• [TASK BRIEF]: Below are the records; extract from them the line containing "Cảng Chu Lai" to the line containing "Zbliżenie na artystyczną", both lines included, exactly and with no pictures.

• [RECORDS FOR THIS TASK]:

______

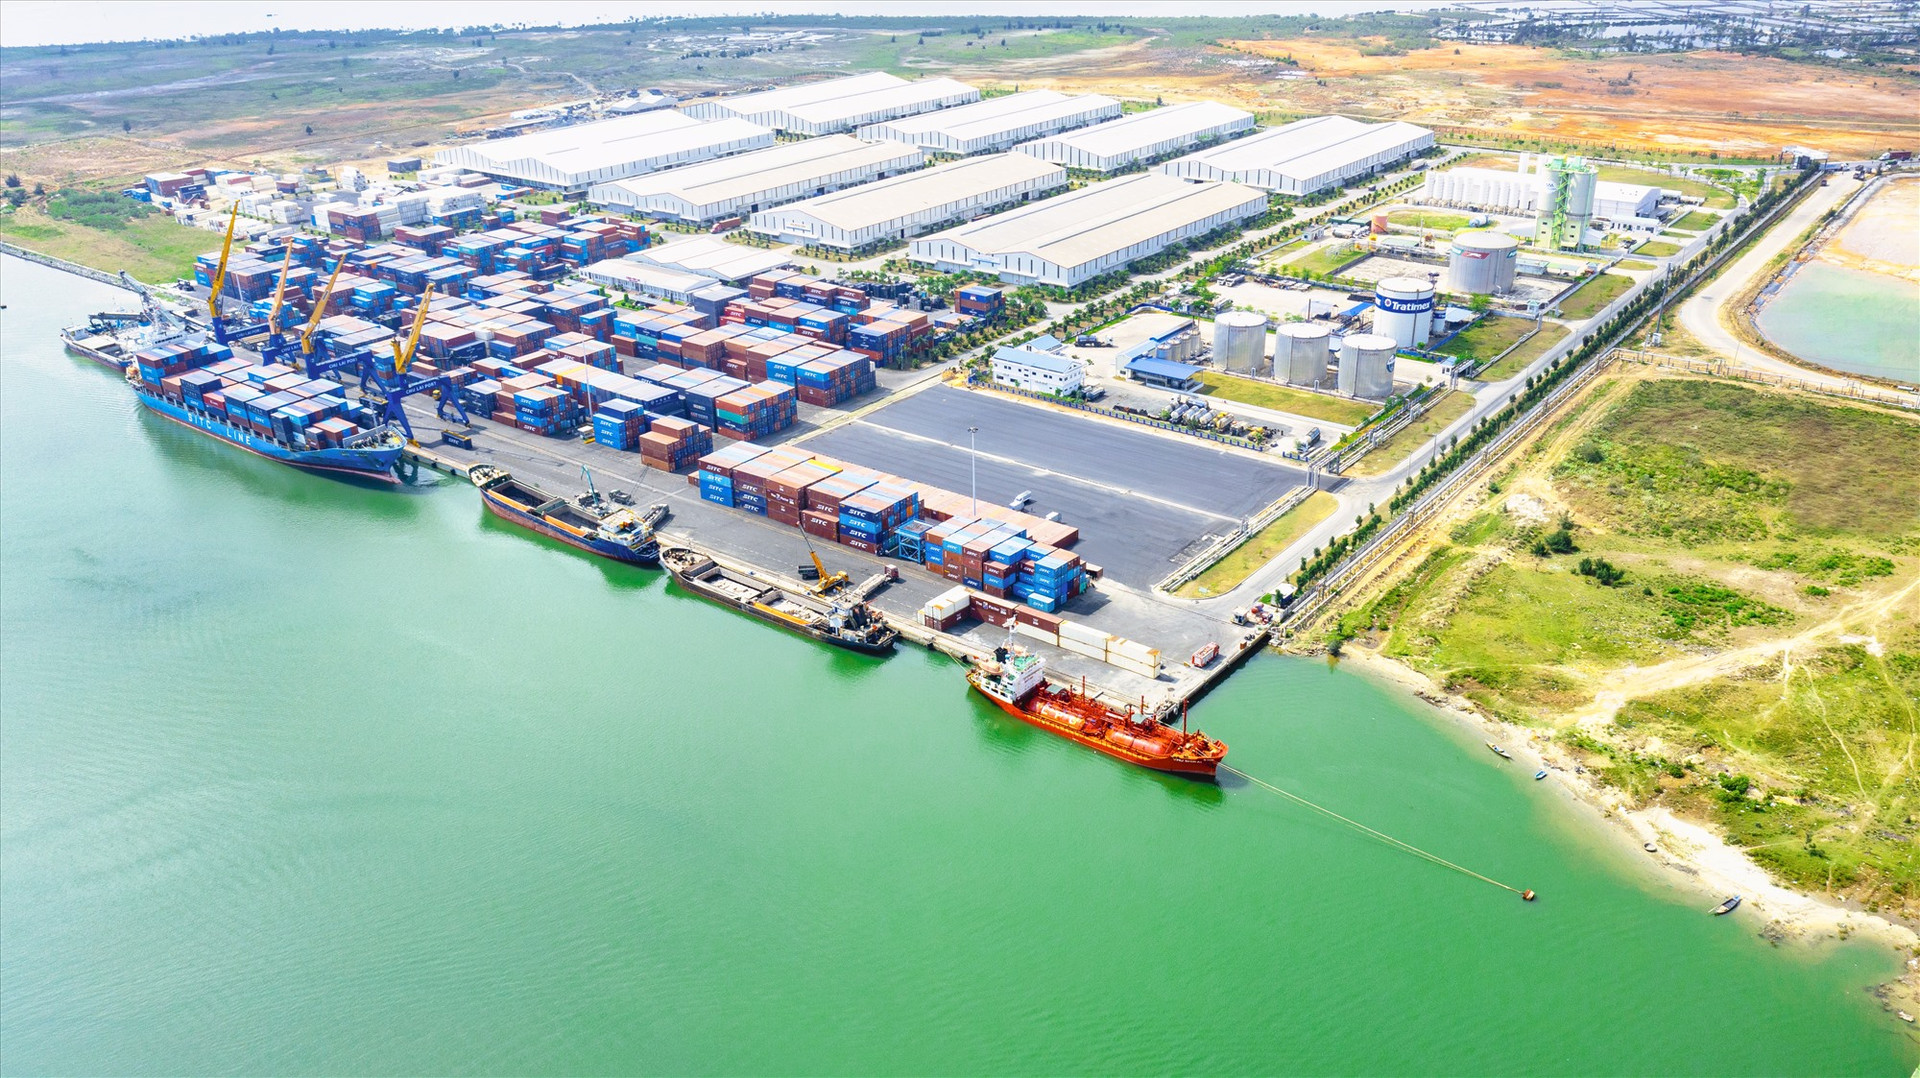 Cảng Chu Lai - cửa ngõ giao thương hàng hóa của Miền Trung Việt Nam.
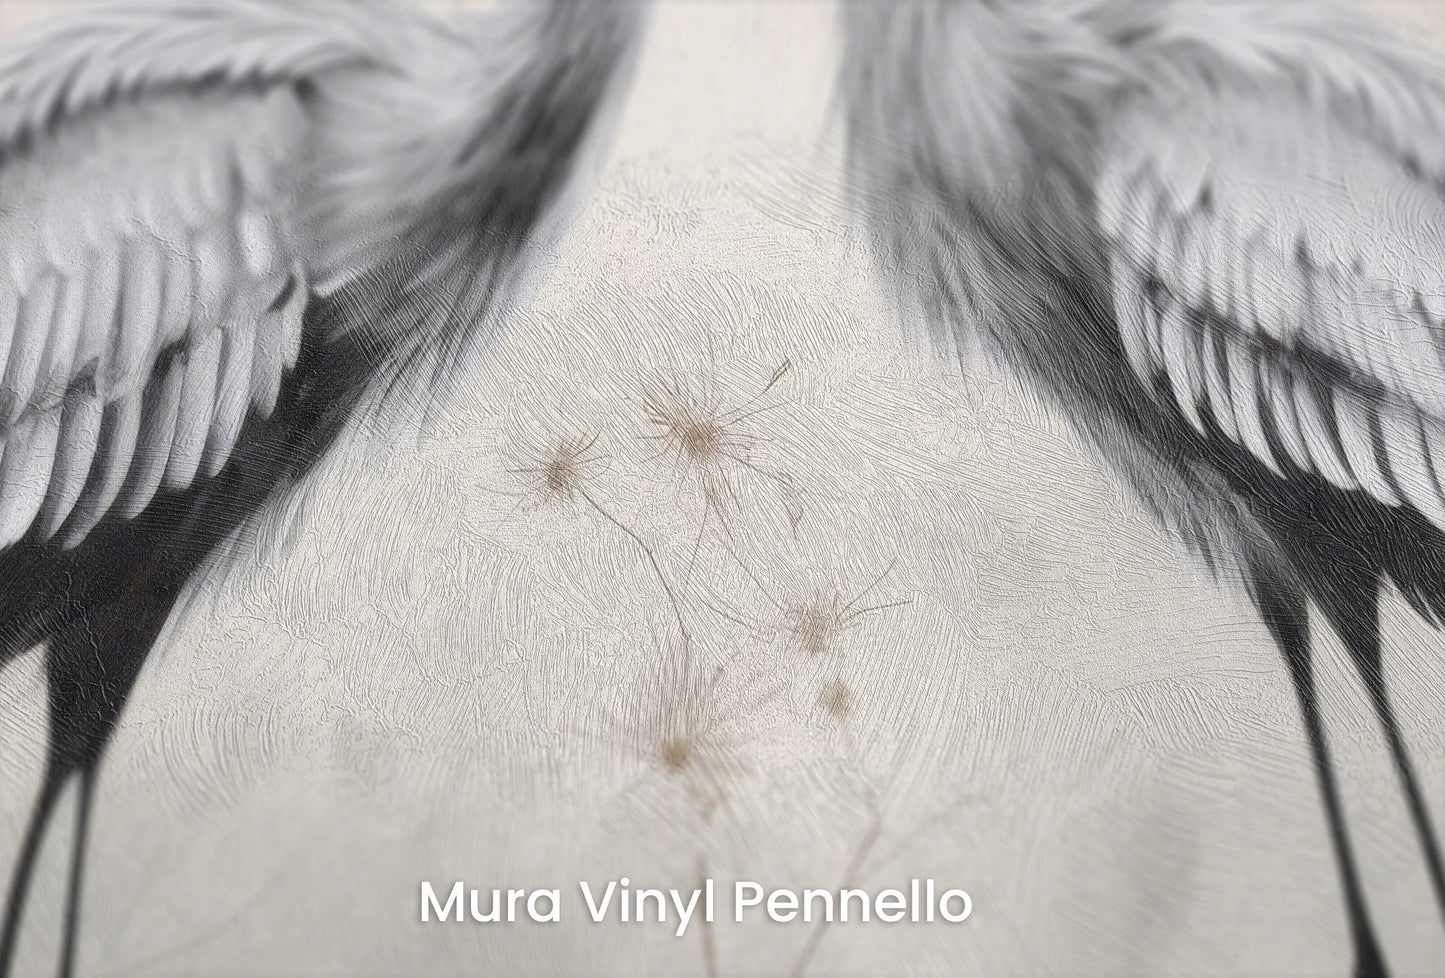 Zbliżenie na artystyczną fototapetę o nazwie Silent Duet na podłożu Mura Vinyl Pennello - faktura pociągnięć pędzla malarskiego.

______

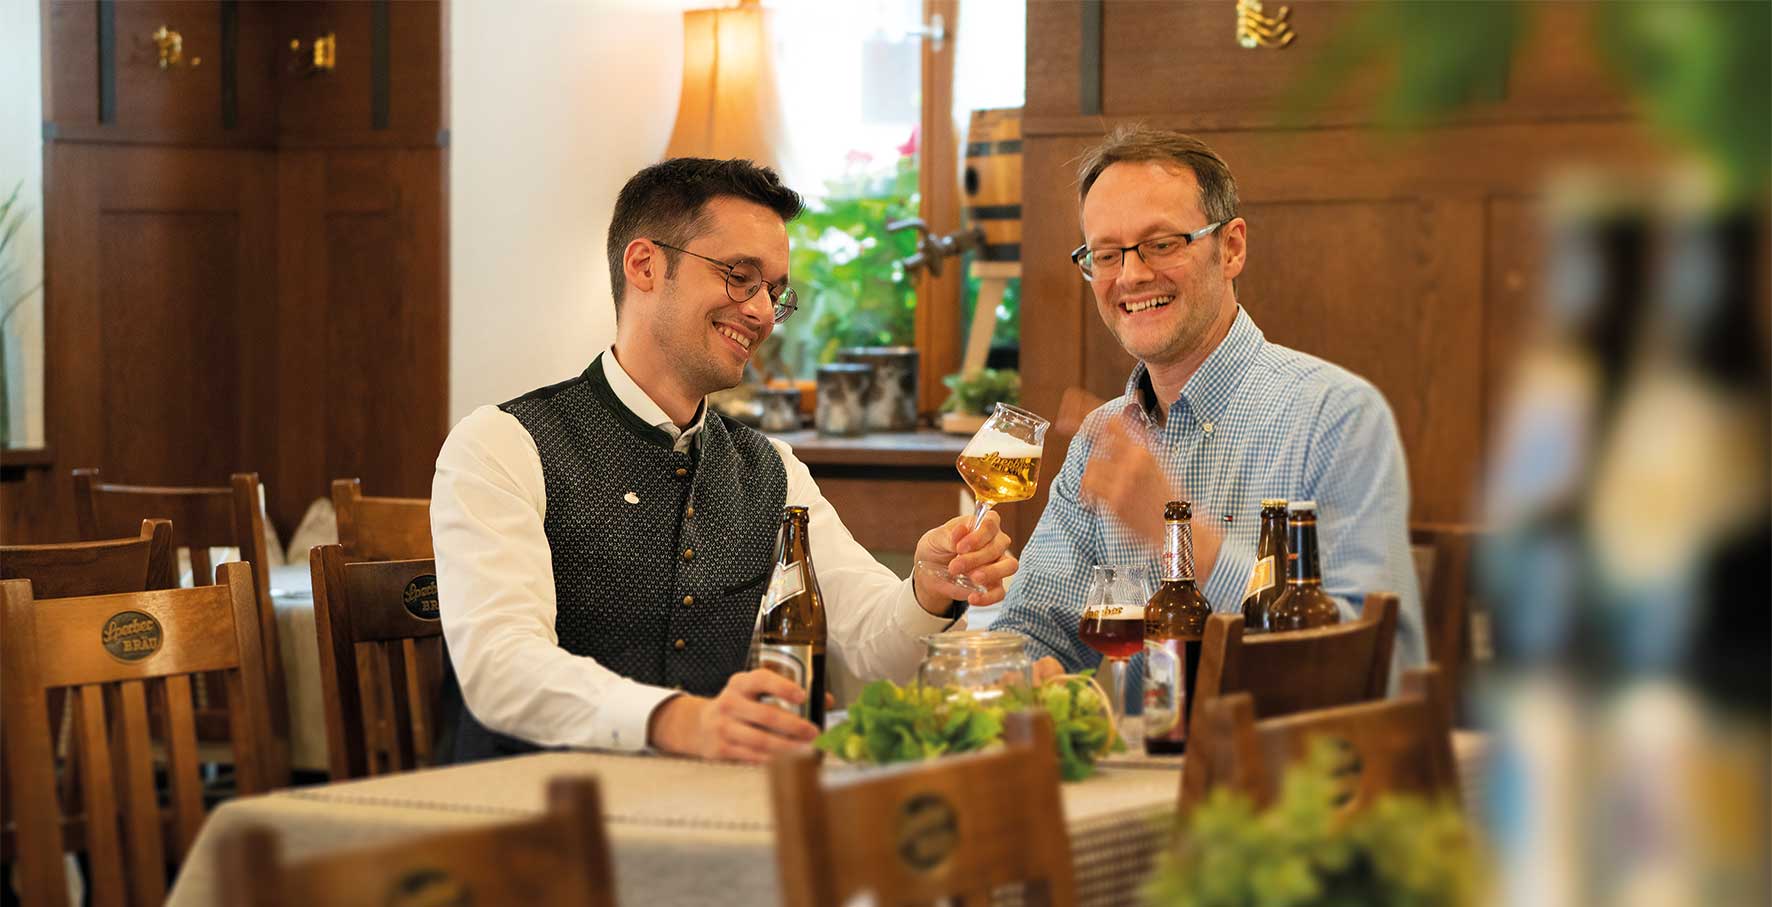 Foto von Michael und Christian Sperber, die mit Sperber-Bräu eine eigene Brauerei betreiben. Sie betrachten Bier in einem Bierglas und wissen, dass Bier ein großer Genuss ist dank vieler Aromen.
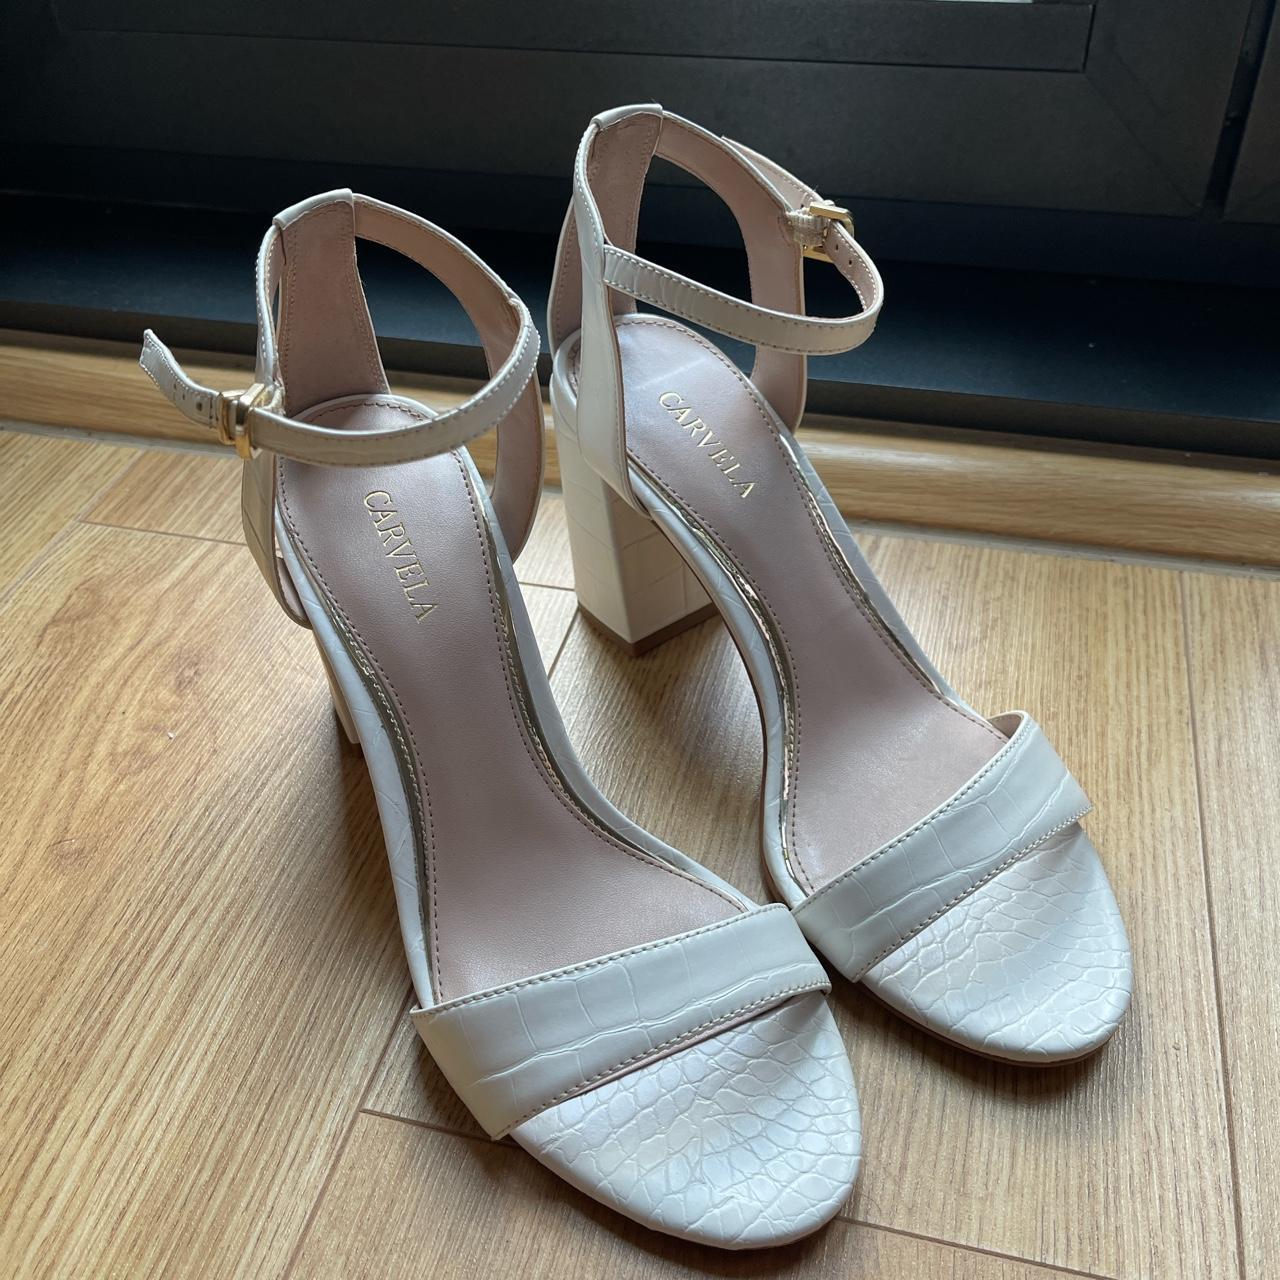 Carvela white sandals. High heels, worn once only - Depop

______

• [OUTPUT BELOW]:
 Cảng Chu Lai - cửa ngõ giao thương hàng hóa của Miền Trung Việt Nam.
 Zbliżenie na artystyczną fototapetę o nazwie Silent Duet na podłożu Mura Vinyl Pennello - faktura pociągnięć pędzla malarskiego.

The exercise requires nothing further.